Year after year, the percentage of Americans who identify themselves as Christians shrinks. Year after year, the percentage of Americans who support marriage equality, regardless of sexual orientation, expands.

Are these two trends related? A recent survey conducted by the Public Religion Research Institute suggests that they probably are. The group’s report on its Millenial Religion, & Gay and Lesbian Issues Survey includes the following chart, displaying patterns in support for legal equality in marriage rights for heterosexual and homosexual couples:

marriage equality supported by atheists most

Americans who are not affiliated with any religion support marriage equality for heterosexual and homosexual couples most strongly – 70 percent in favor. After them come religious, but non-Christian Americans, with 67 percent supporting marriage equality. The similarity of these two groups suggests that it’s not religion in general that’s interfering with the legalization of same-sex marriage in many parts of the United States, but Christianity in particular.

Catholic and “White mainline” (what’s a mainline?) Christians have only a tiny majority of support for marriage equality – at 52 and 51 percent, and other Christian Americans have immense majorities of opposition to equality. This survey shows than while some Christians do support marriage equality, but that they’re not a majority within their religion.

On the whole, Christianity isn’t a leading voice for marriage equality in the United States. Secular culture and non-Christian religious culture are leading the way in this cultural trend. Why?

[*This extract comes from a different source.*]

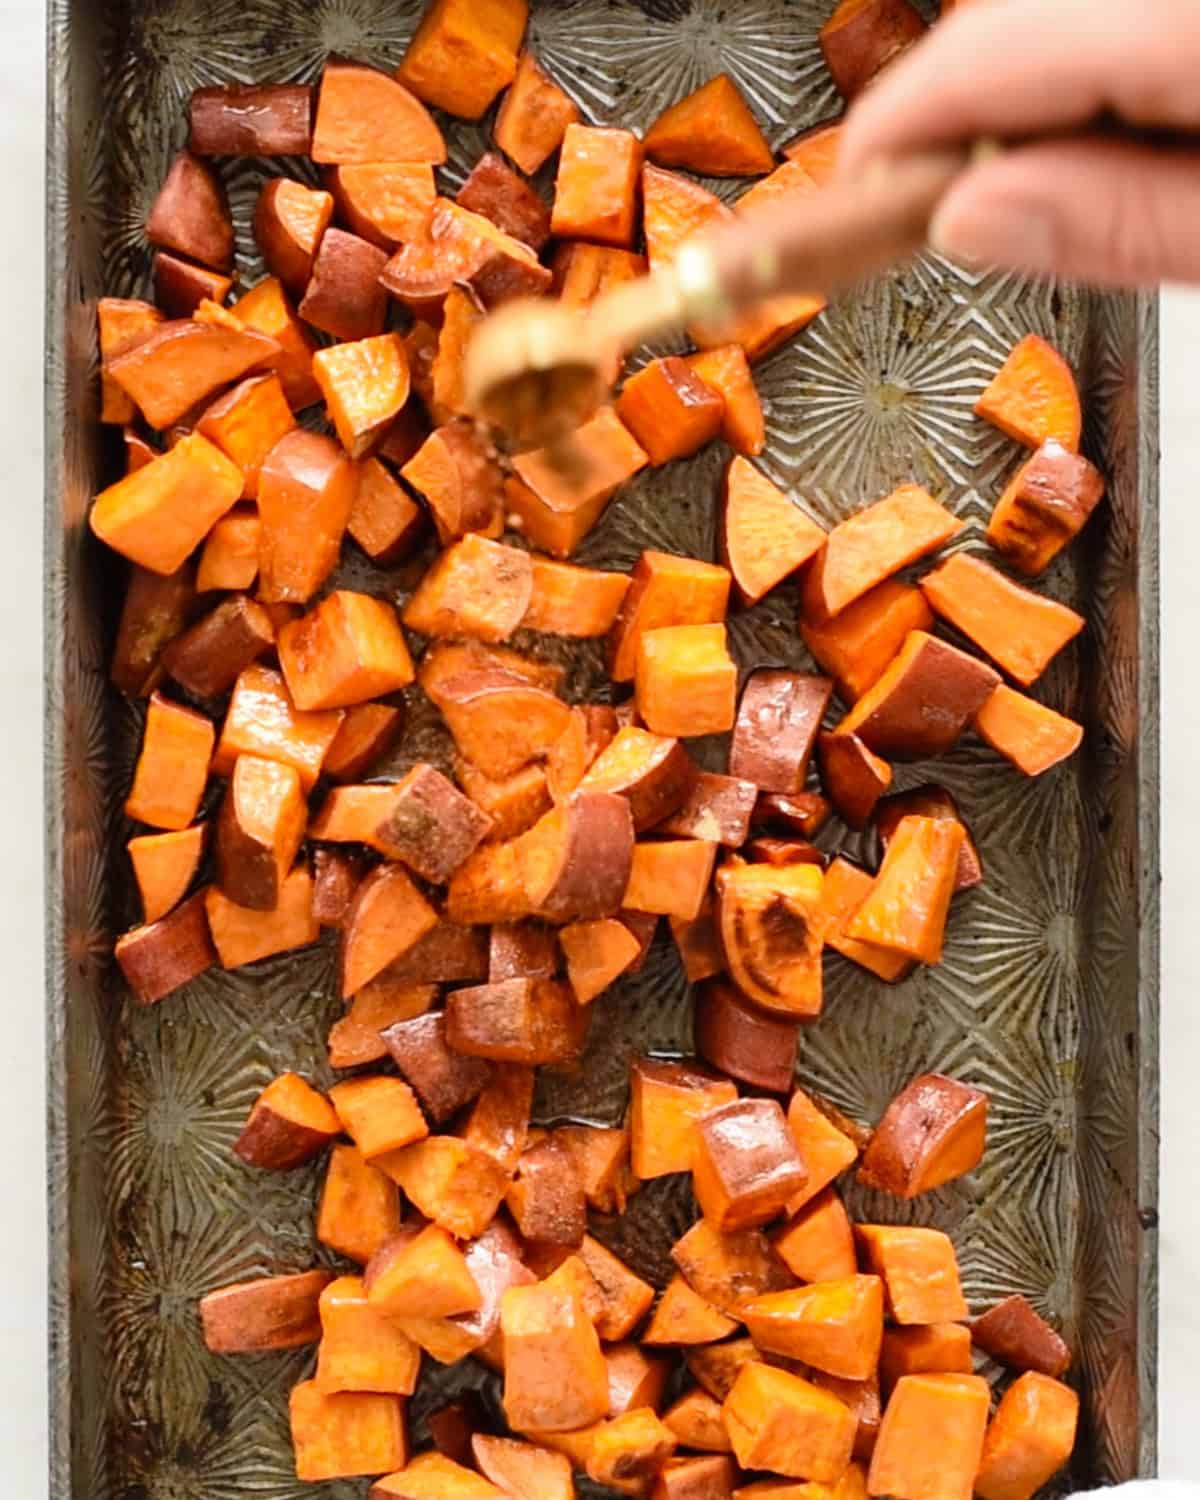 how to make Cinnamon Roasted Sweet Potatoes - adding cinnamon to to partially roasted sweet potatoes

One explanation is that non-religious Americans and non-Christian religious Americans share the position of cultural minorities, and may therefore tend to have greater sympathy with the gay and lesbian minority than the majority Christian culture does. Being outside the norm may bring atheists, humanists, Pagans, Muslims, Hindus and Buddhists a greater appreciation for a diversity of domestic arrangements, rather than the single model of family life that many Christians demand all Americans conform to.